Carpenter’s evening included going 0 for 3 during the portion of the game where the Cardinals trailed.  Especially during the second half of the season, Carpenter has struggled to contribute hits when the Cardinals have trailed in games.  And especially when the deficit is three runs or less.  In his last 51 plate appearances with St Louis down by no more than 3 runs, Matt owns a .158 batting average (6 for 38).  He does still contribute walks, though, as his on base percentage in those plate appearances is a still healthy .373.

Pitching in Close Quarters

When Flaherty surrendered the lead in the second inning, he continued a problematic trend that has kept the Cardinals and their suddenly prolific offense from being serious contenders.  Through the month of August the Cardinal pitching staff pitched 69.2 innings with the game either tied or holding a one-run lead.  They responded to those opportunities with a 6.85 ERA and a .325 batting average against.  In 137.1 such innings since the All-Star Break, Cardinal pitchers have managed just a 5.77 ERA with a .292 batting average against.  Brandon Crawford’s two-run homer in last night’s second inning was the twenty-seventh home run the Cardinals have given up since the All-Star Break in games they were either tied in or leading by one run.
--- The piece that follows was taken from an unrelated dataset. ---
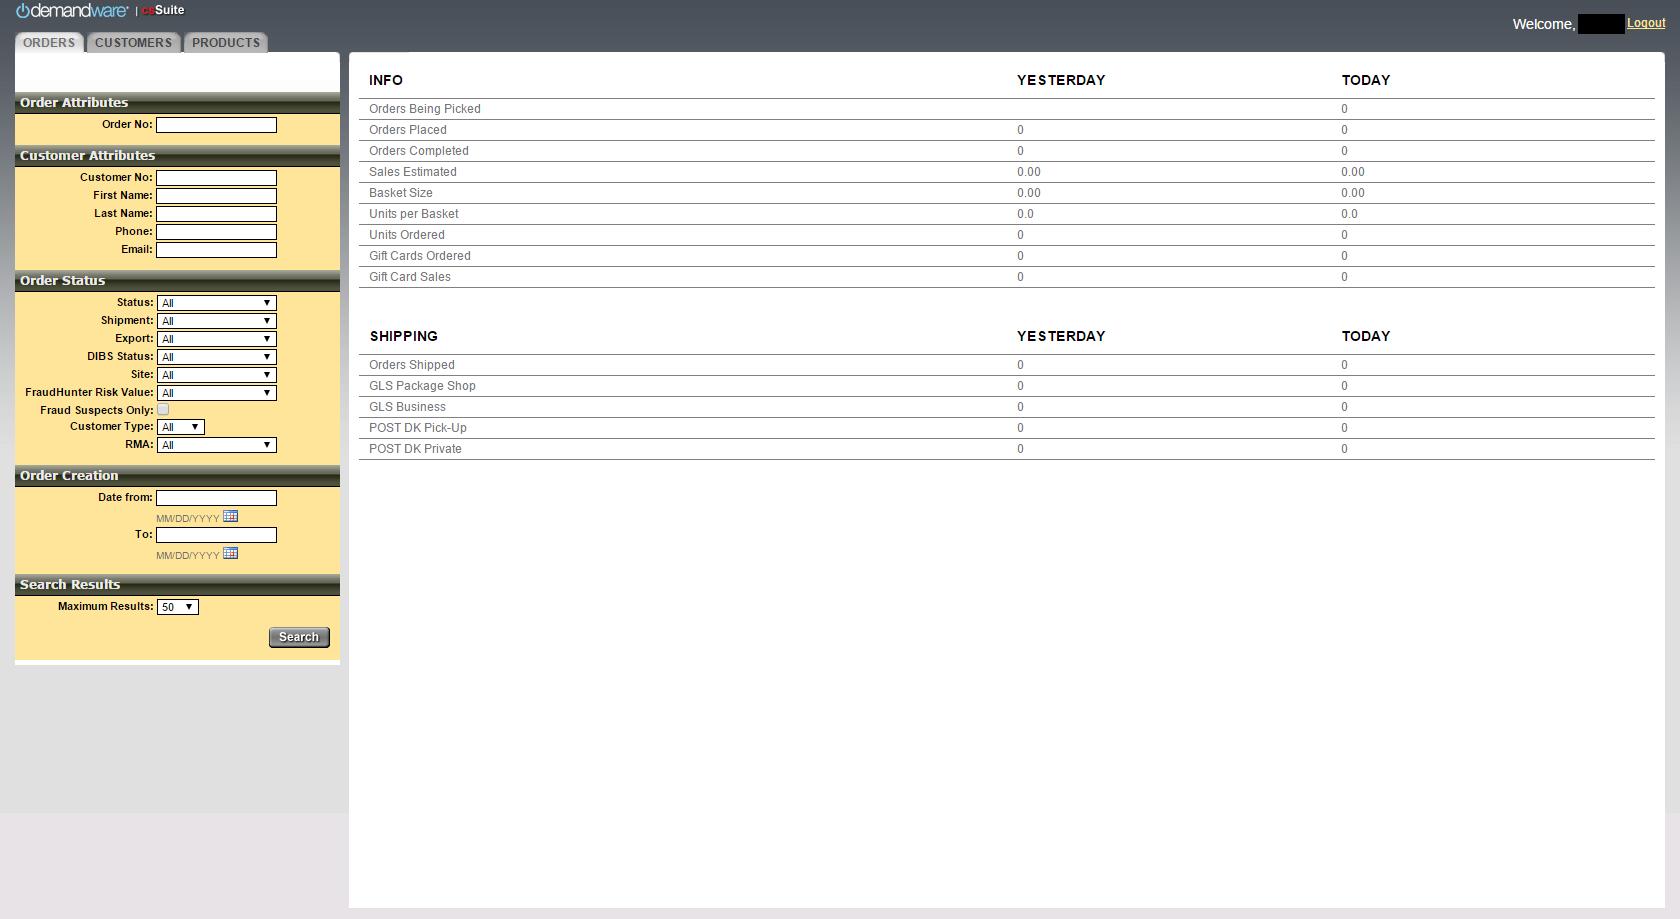 Demandware Customer Service Suite
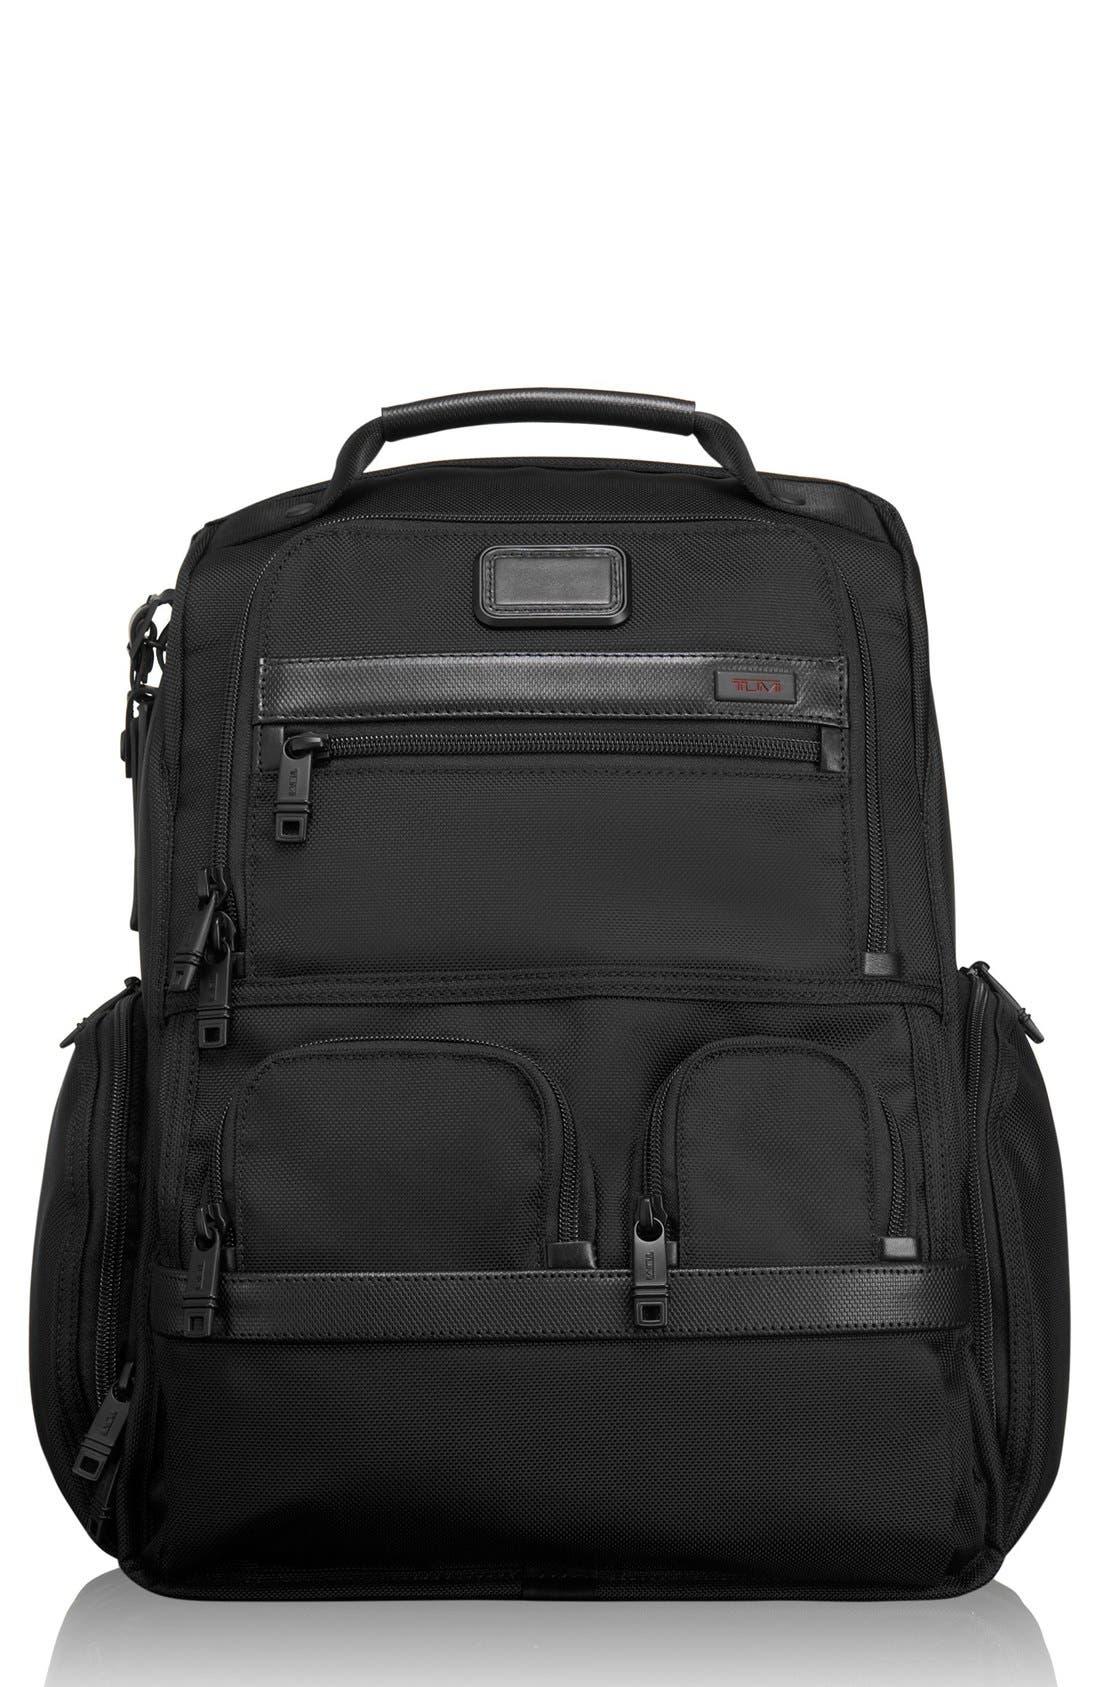 Alpha 2 Compact Laptop Brief Pack<sup>®</sup>,                             Main thumbnail 1, color,                             Black

This is not exactly a formula for success – even if you have a competitive offense.

In August, the team received only 13 quality starts in 28 games, finishing with a 4.62 ERA (4.81 by the starters, with a .297 batting average against).  Since the All-Star Break, the team ERA is hovering at 4.06.

Tyler Lyons

Tyler Lyons is fast approaching super-hero status.  Last night’s perfect eighth inning that included two more strikeouts brings his scoreless streak to 20 games and 18.2 innings, during which he has allowed just 3 hits while striking out 25.

Sam Tuivailala

Sam Tuivailala gave the last run of the game in a mop-up ninth inning.  Though his season’s ERA is still a fine 2.97, Sam has begun to take on water recently.  He has now allowed runs in 3 of his last 5 games, giving 4 total runs in 4 total innings.  His ERA sits at 4.05 in the second half (13.1 innings).

Some of this just might be due to Sam’s unfamiliarity with pitching with a lead.  Since the All-Star Break, last night was only Sam’s second inning pitching with a lead – as opposed to 11 innings pitched while trailing in the game.  Of the 58 batters he’s faced in the second half, he has pitched to 2 with the score tied, 11 with the Cardinals leading, and 43 while trailing in the game.

For the season, Tuivailala has an 0.92 ERA with a .132 batting average against in 19.2 innings while trailing, 9.00 with a .353 batting average against in 4 innings while tied, and 4.66 allowing a .349 batting average in just 9.2 innings with a lead.